Adrenal tumors are common and are often incidentally discovered during imaging (adrenal incidentalomas). Most of the adrenal tumors are indolent hormonally inactive tumors of adrenocortical origin, but hormonally active adrenocortical tumors, catecholamine-secreting adrenomedullary pheochromocytomas, and adrenocortical cancer have significant morbidity and mortality.

This Topical Collection focuses on adrenocortical cancer and pheochromocytomas.

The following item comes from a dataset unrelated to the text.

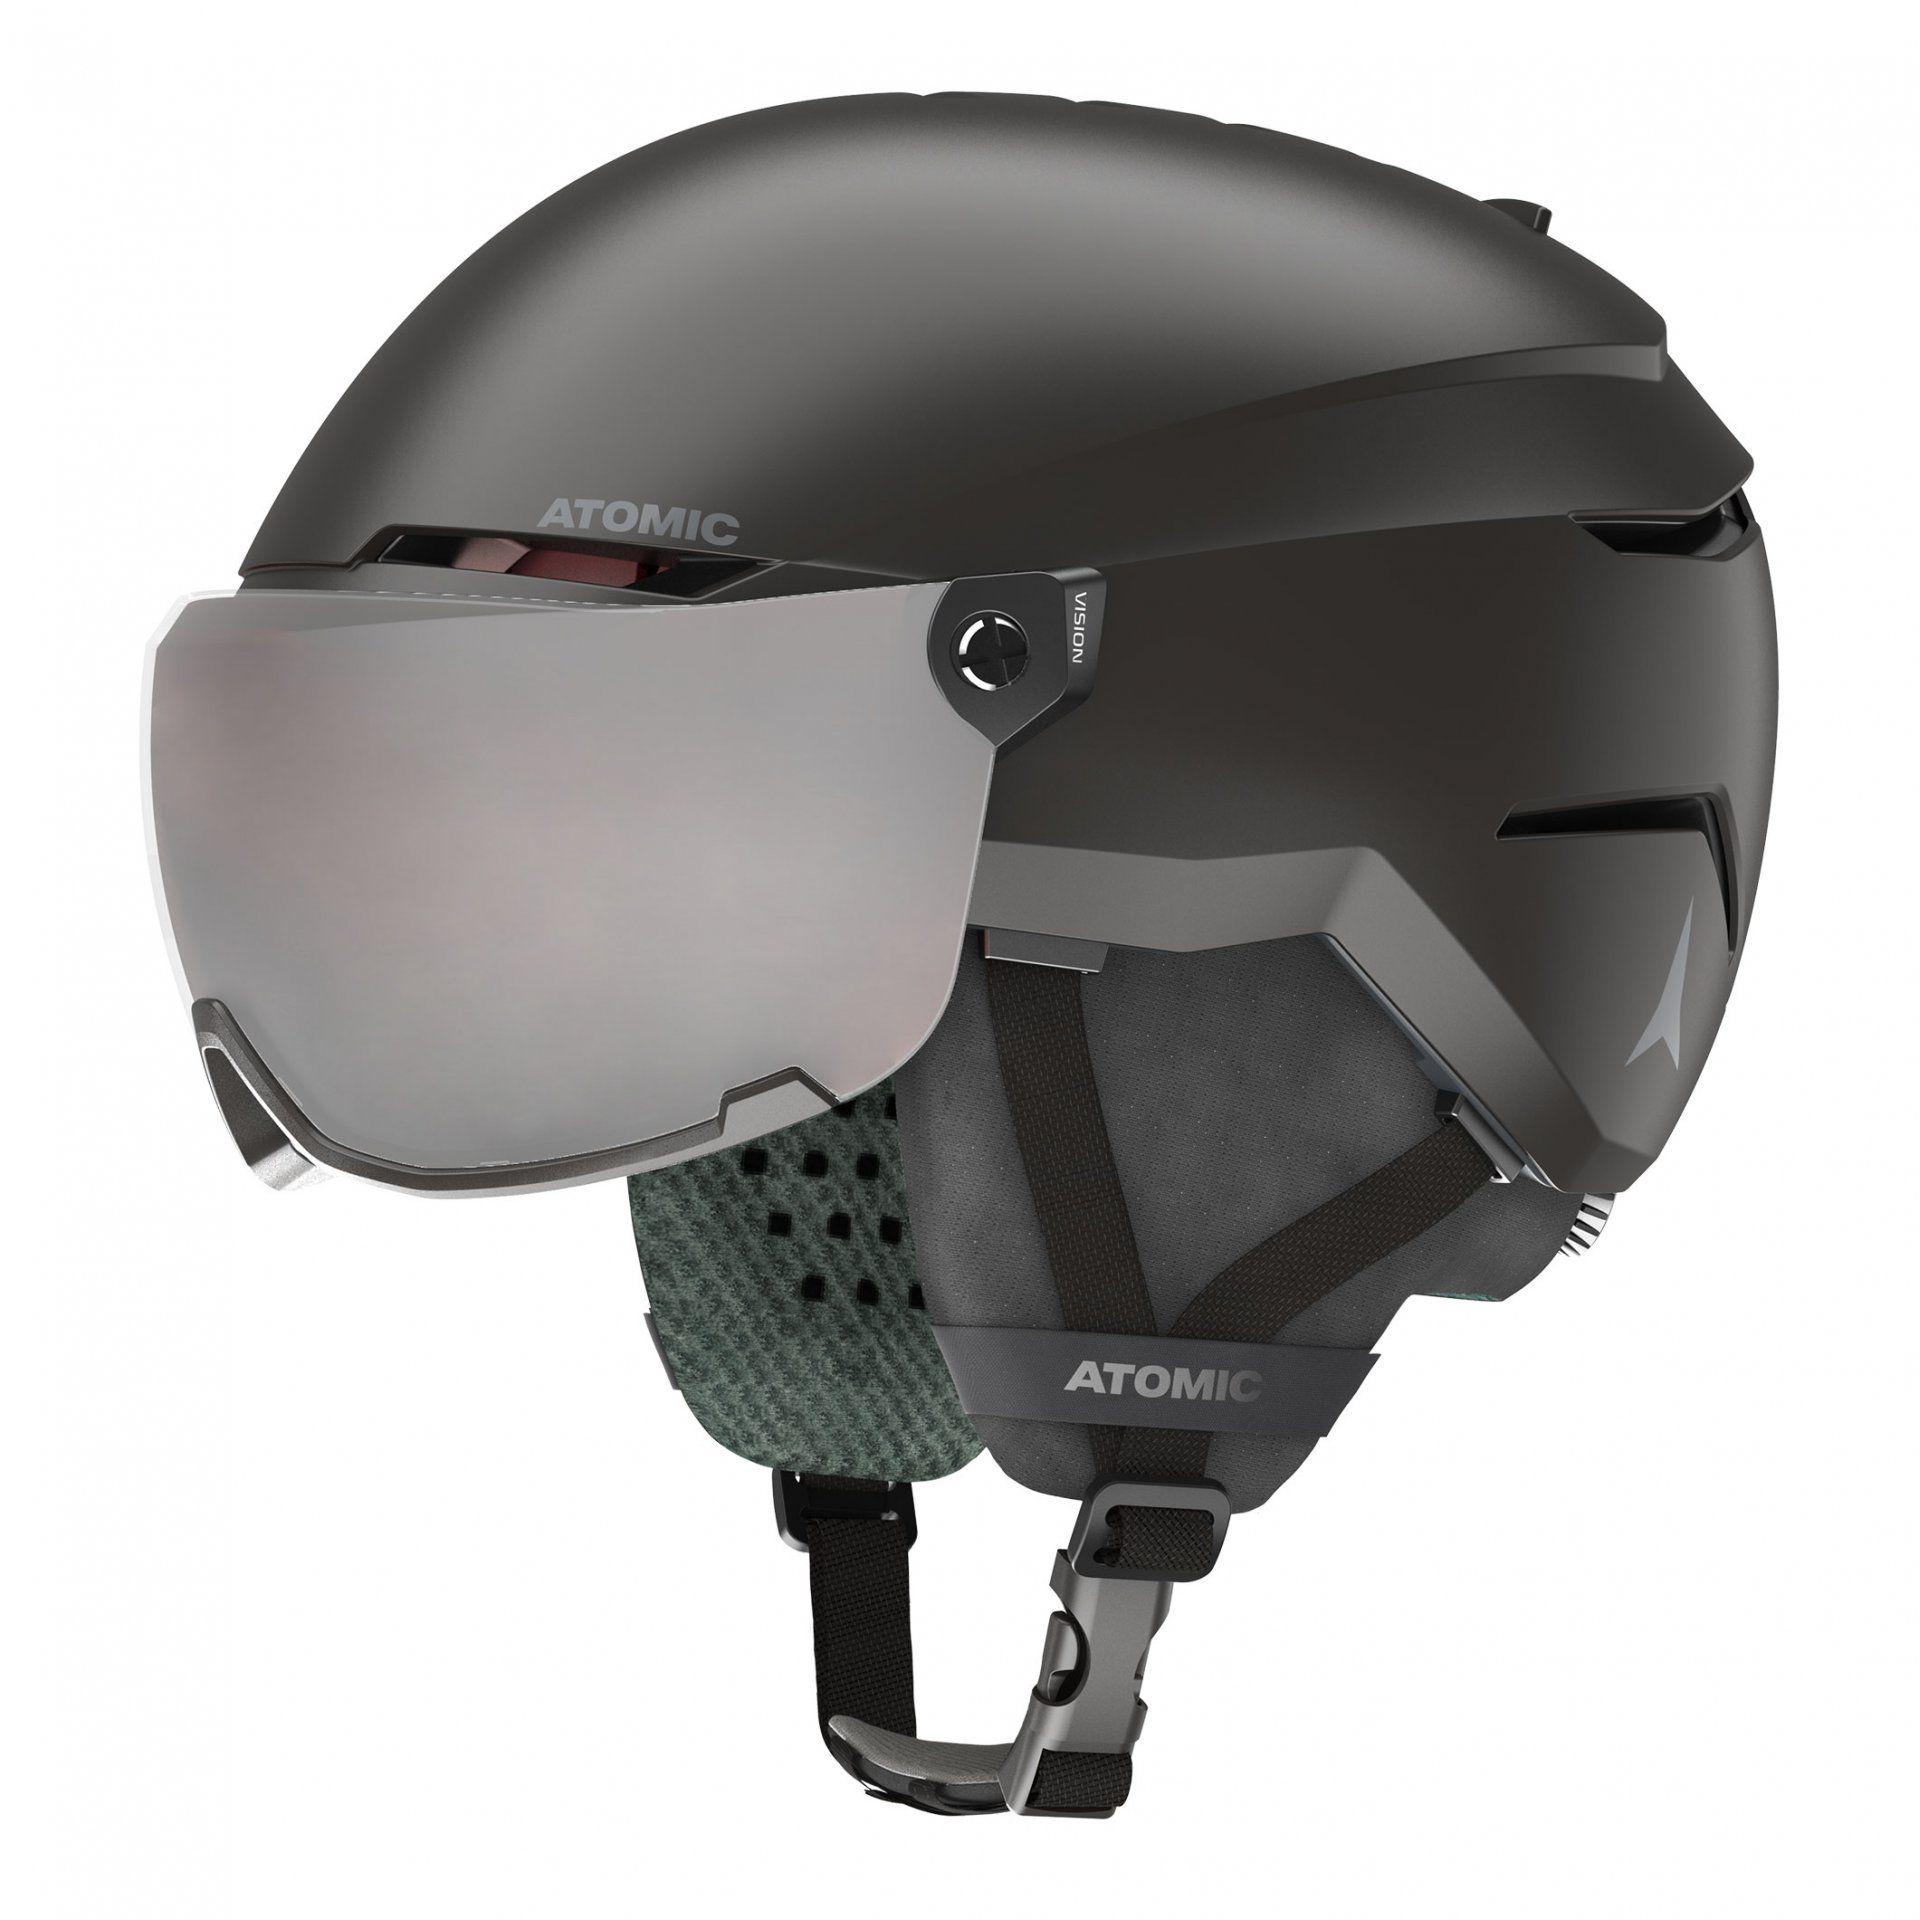 KASK ATOMIC SAVOR VISOR JR BLACK AN5005888

There have been significant advances in our understanding of the pathogenesis of adrenocortical cancer in recent years, but we are still far from a complete picture. Recent studies using high-throughput bioinformatics approaches have contributed to significant progress in genomics and epigenomics of adrenal tumors that involve both the analysis of transcriptome, methylome, miRnome and other non-coding RNA. Novel biomarkers of adrenal malignancy and tumor classification can be developed based on these observations.

Pheochromocytomas are rare, but exceptional, as germ-line genetic mutations are found in approximately 40% of cases that render pheochromocytomas the human tumors with the highest heritability. Several novel genes and pathomechanisms have been established in recent years in their pathogenesis.

An important feature of pheochromocytomas is related to difficulties in establishing its metastatic potential. At present, the diagnosis of metastatic pheochromocytoma is clinical as there are no fully reliable markers of malignancy.

Genetic and genomics issues have relevance in the pathogenesis, diagnosis and treatment of these intriguing tumor types.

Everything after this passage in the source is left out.